The defualt configurations are in play/airbot_play_with_usbcams.yaml and tok/airbot_tok.yaml in configurations/basic_configs/example/robot/airbots/ folder. The former is used for one long airbot_plays with a G2 gripper while the latter is used for two long airbot_plays with G2 grippers. You can modify them according to your usage.

Starting Data Replay

Data replay can be used to verify if there are issues with collected data, init states of the environment, etc. (requires prior Environment Setup).
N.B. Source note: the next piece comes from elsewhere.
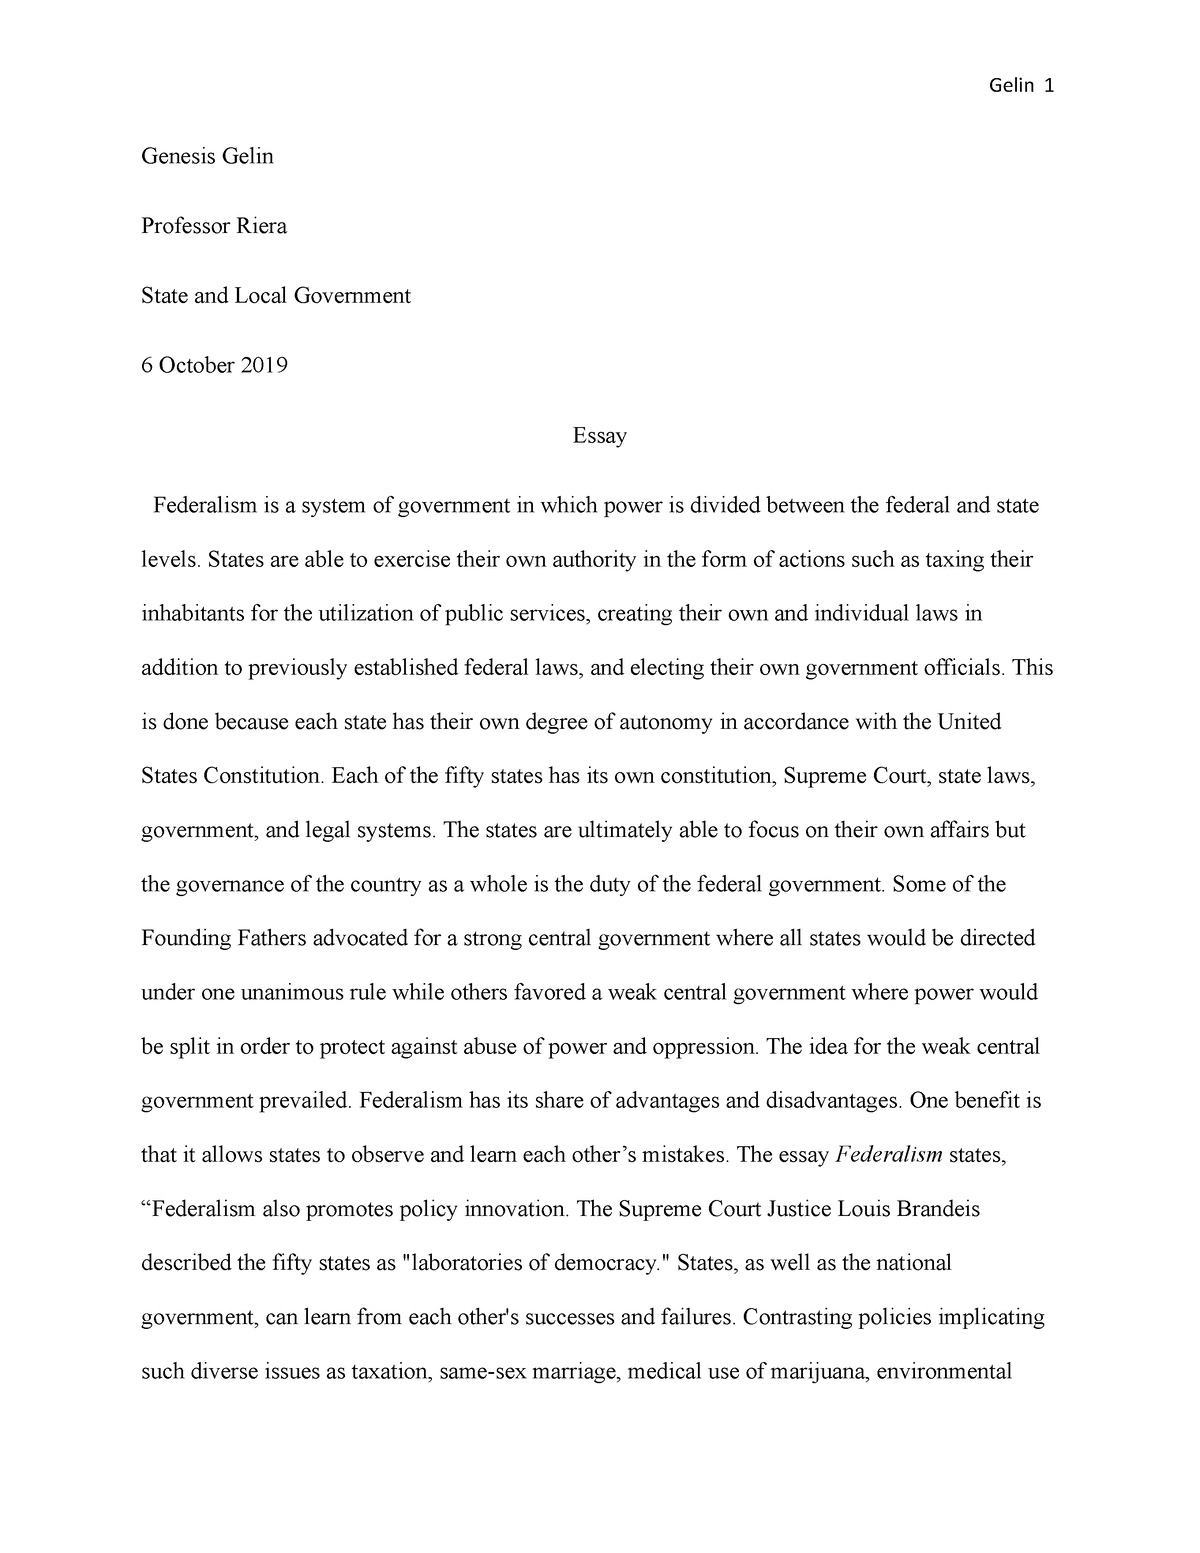 essay about federalism objectives

The data replay command and its parameters are as follows:

python3 control_robot.py replay \
  --robot-path configurations/basic_configs/example/robot/airbots/play/airbot_play.yaml \
  --root data \
  --repo-id raw/example \
  --fps 25 \
  --num-episodes 1 \
  --start-episode 0 \
  --num-rollouts 50

Parameter explanation:

  • --robot-path: path to the robot yaml file used to instantiate the robot
  • --fps: frames per second
  • --root: root directory where the datasets are stored
  • --repo-id: dataset identifier
  • --num-episodes: number of episodes to record, defaulting to 1
  • --start-episode: index of the first episode to replay
  • --num-rollouts: number of times to replay the episode, defaulting to 50

After executing the command above, you can see the instruction Press Enter to replay. ... in the terminal. Then press Enter to replay. And you will see the same prompt after the current replay ends.